### Material provided:
=== Section Start ===
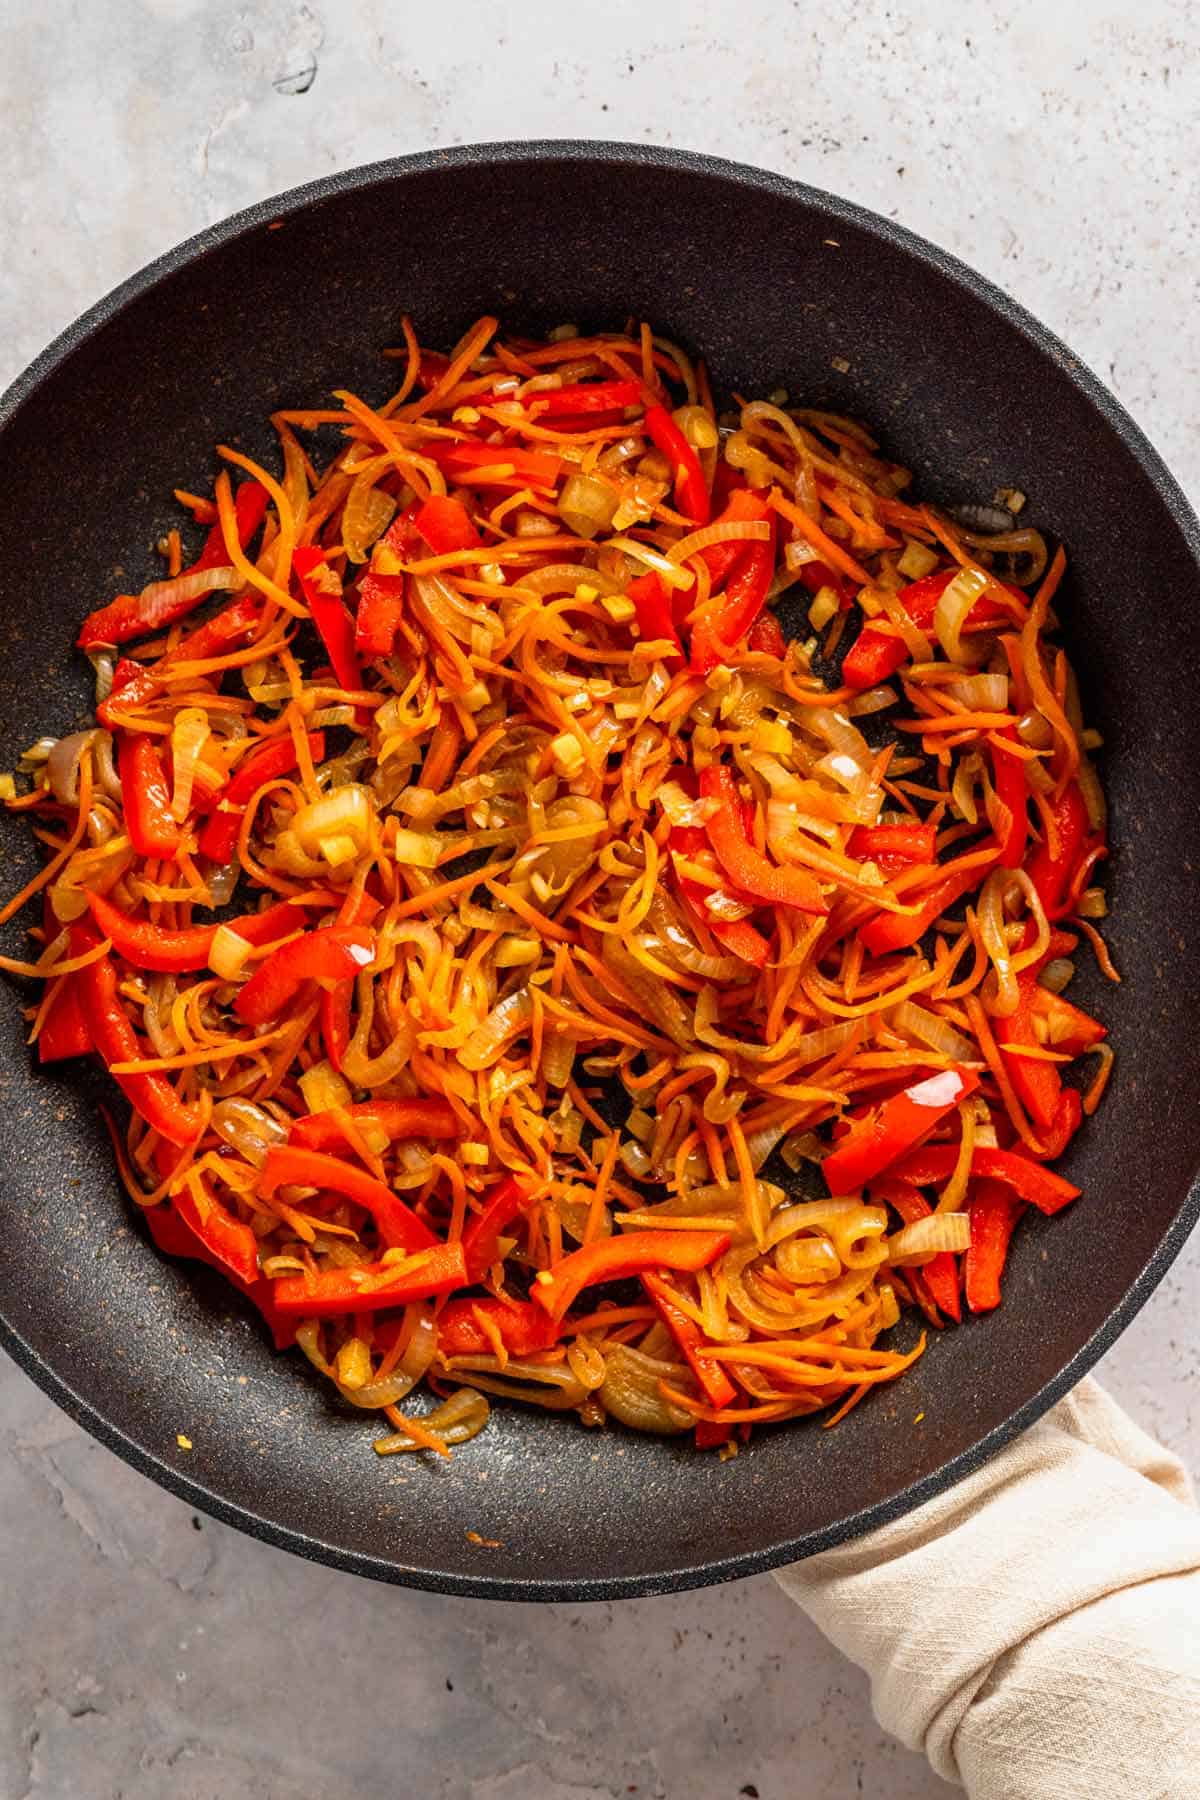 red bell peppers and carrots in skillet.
=== Section End ===
=== Section Start ===
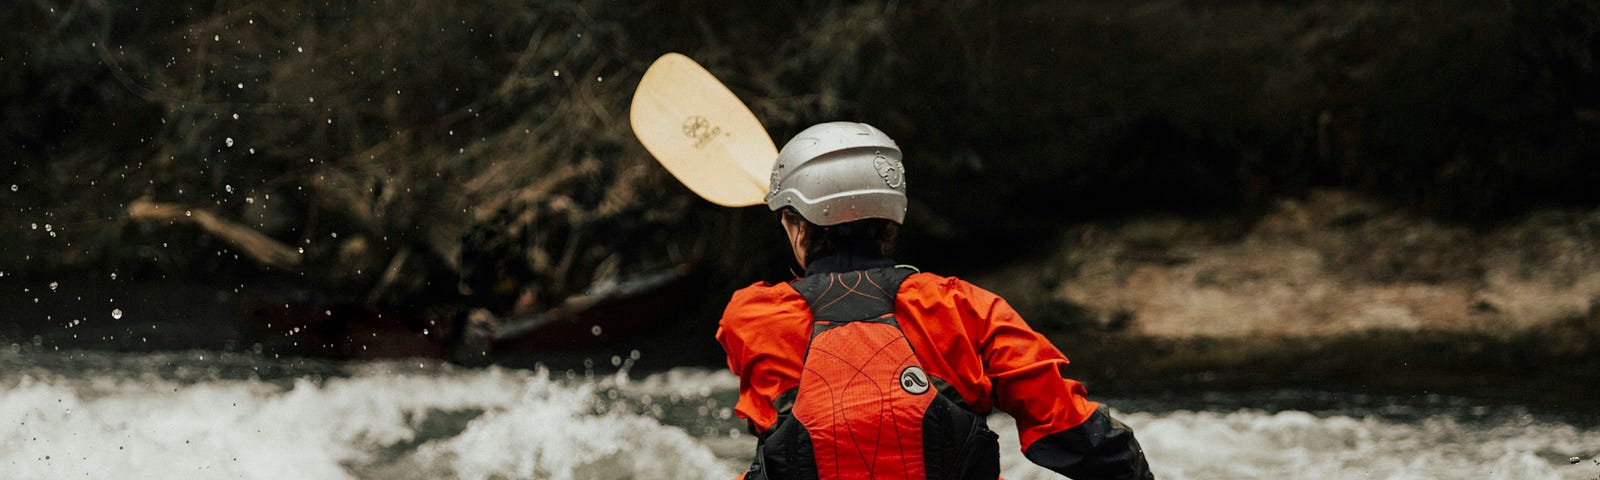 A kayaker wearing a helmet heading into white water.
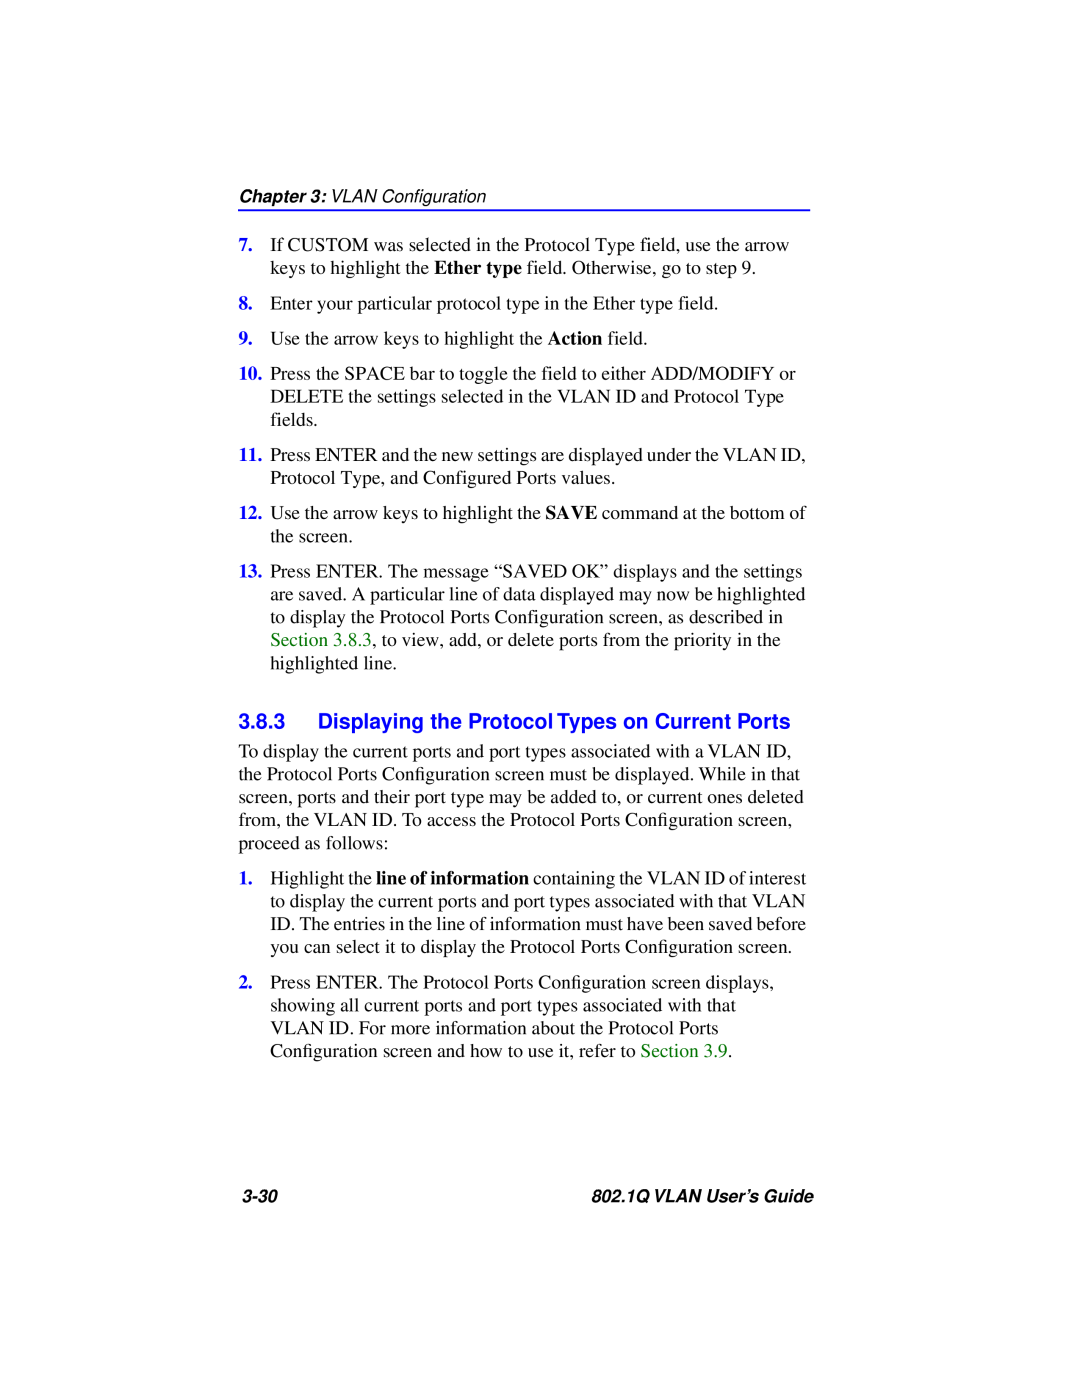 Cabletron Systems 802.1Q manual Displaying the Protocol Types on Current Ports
=== Section End ===
### Exercise details:
Using the data above, output the line that has "A kayaker wearing", the line that has "Cabletron Systems 802.1Q", and whatever lines fall between, each exactly as it stands and without pictures.

### Answer section:
 A kayaker wearing a helmet heading into white water.
 Cabletron Systems 802.1Q manual Displaying the Protocol Types on Current Ports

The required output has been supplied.